Matt had also done a bit of research into cryptocurrency, a relatively new field which after an hour of research he was one hundred percent confident he was no closer to understanding or being able to explain. Apparently a computer solved some puzzles to make tokens, which were uncopiable, allegedly, except surely if a computer could do it a computer could also reverse engineer a solution, or at least trace where the tokens had been transferred. Matt didn’t really know – the whole thing sounded like a get-rich-quick scheme either set up by unscrupulous technopaths or at permanent risk of being eviscerated by them.

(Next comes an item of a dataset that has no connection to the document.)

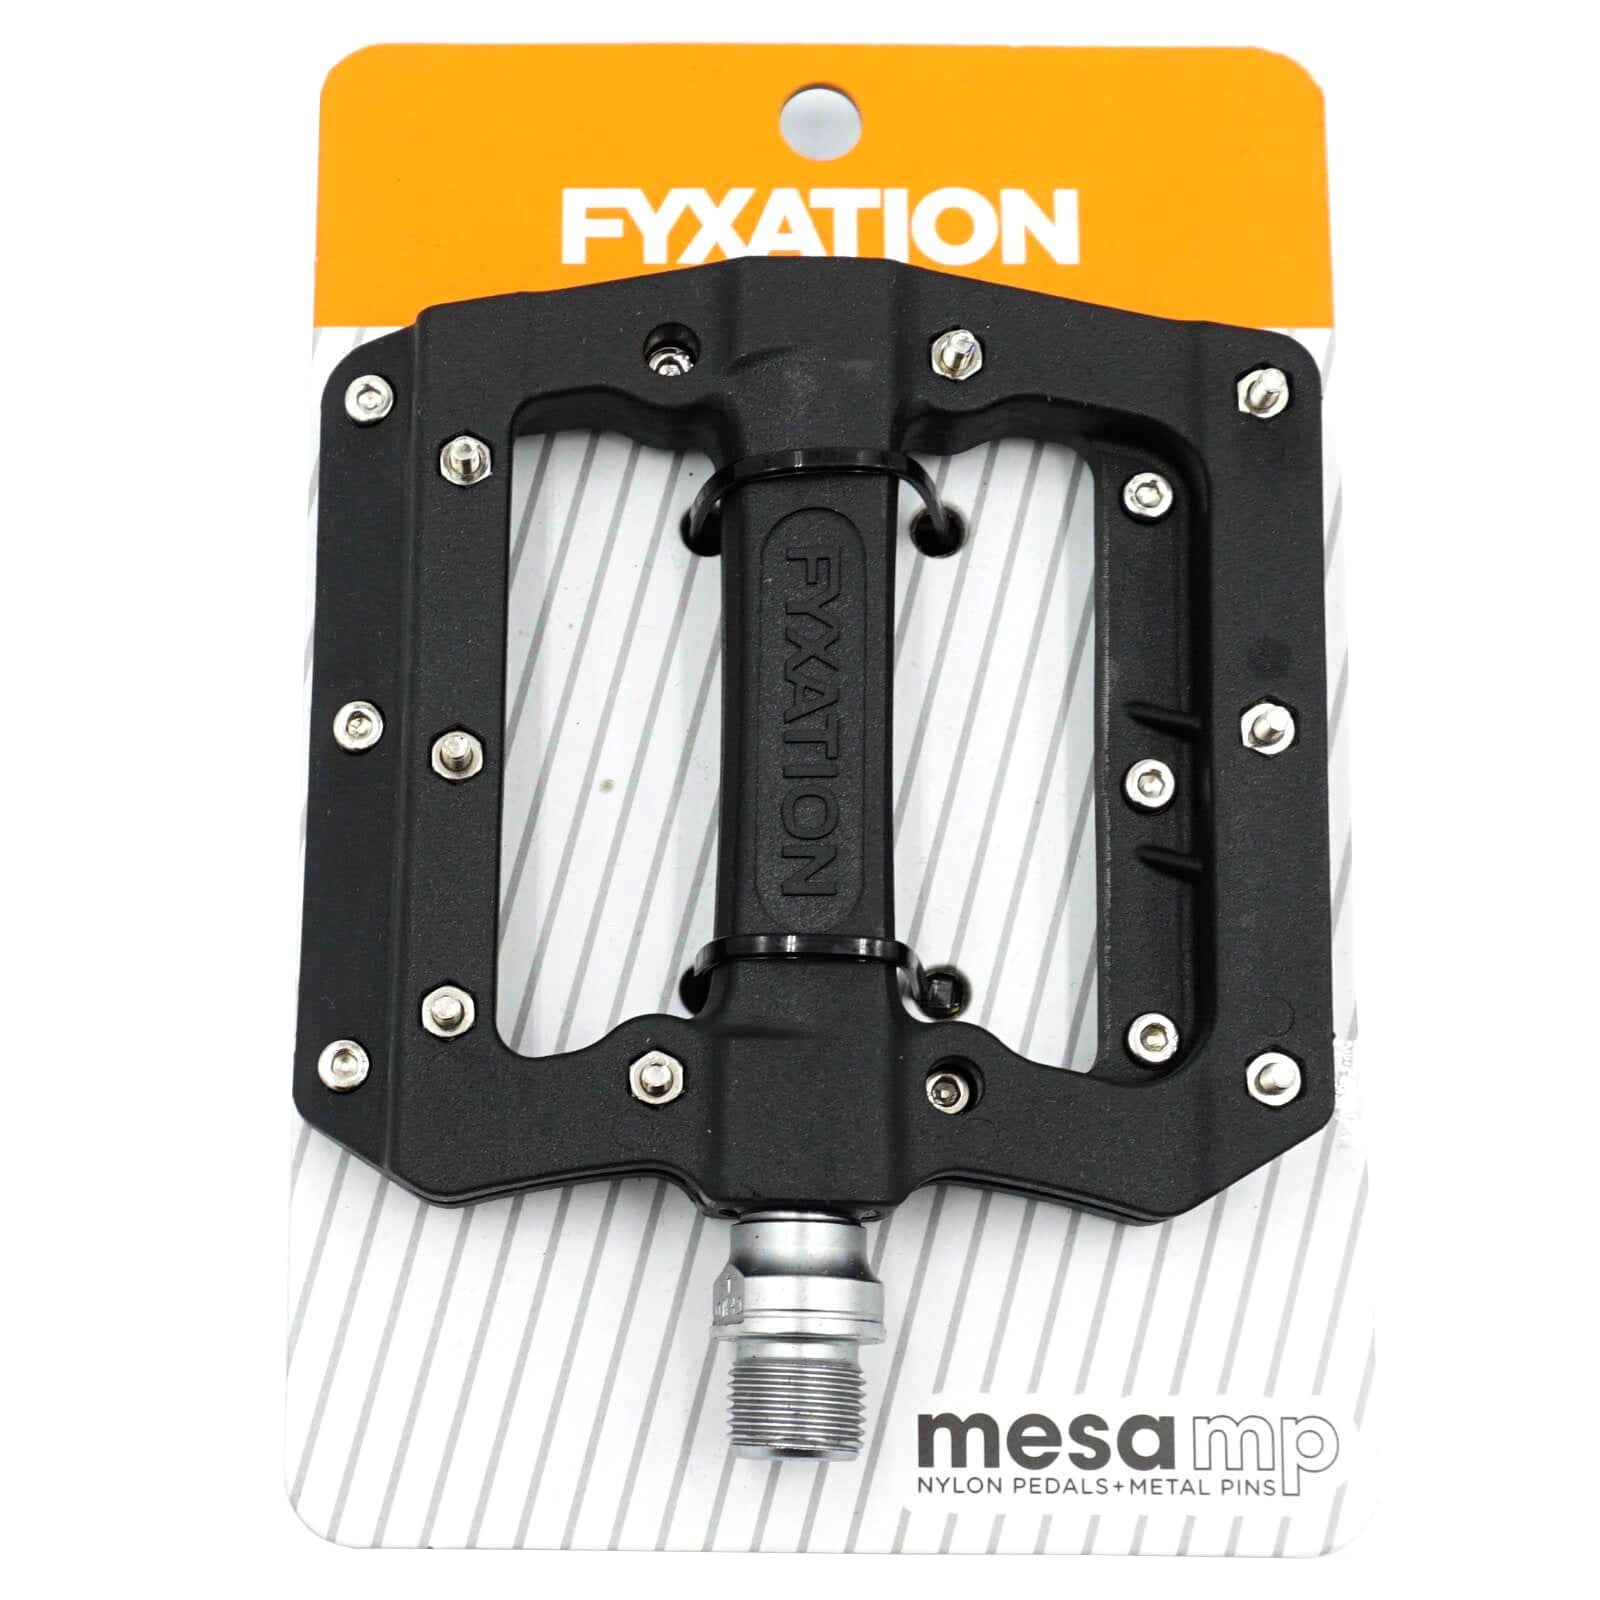 Fyxation Mesa MP Sealed Nylon Platform Pedals - The Bikesmiths

Then there was what some might have called the more ‘Bond villain’ techniques – using cash now to buy a bunch of gold or diamonds, to be sunk to the bottom of the sea or buried somewhere in a hole. Gold, no, that was entirely out – anyone who bought gold bars was clearly up to something. Diamonds though, diamonds might work. True diamonds, Matt learned, registered at time of mining, generally held value well and were considered difficult to fake, because while there were some limited number of diamond-Midas people out there who could transmute other materials to diamond just by touching, plus crystalmorphs who were able to, who knows, turn their flesh to diamond and then pull off a toenail or something, the former’s handiwork would reverse under the right conditions and the latter’s was contaminated with organic DNA. It wasn’t inconceivable that he, a young, potentially irresponsible man finding himself burdened with a sudden influx of wealth, would ‘invest’ in a large number of diamonds to, who knows, decorate his toilet… and for those diamonds to subsequently fall off the grid.

It all came down to how much money he had and how much money he actually needed, Matt thought to himself. If he had heaps of money, and he only needed to keep a little bit, then it wouldn’t be inconceivable for him to just buy some diamonds – maybe ostensibly to make Jane a necklace, or use in some kind of gift – and then when he died have those diamonds disappear in the… explosion? House fire? Matt was still undecided on how this whole fake death thing was going to happen. Because how he ‘died’ so completely and convincing that no one ever doubted it was still a very real, very pertinent question.

What was the most foolproof, harmless method, Matt wondered. What was the safest, most convincing way to die?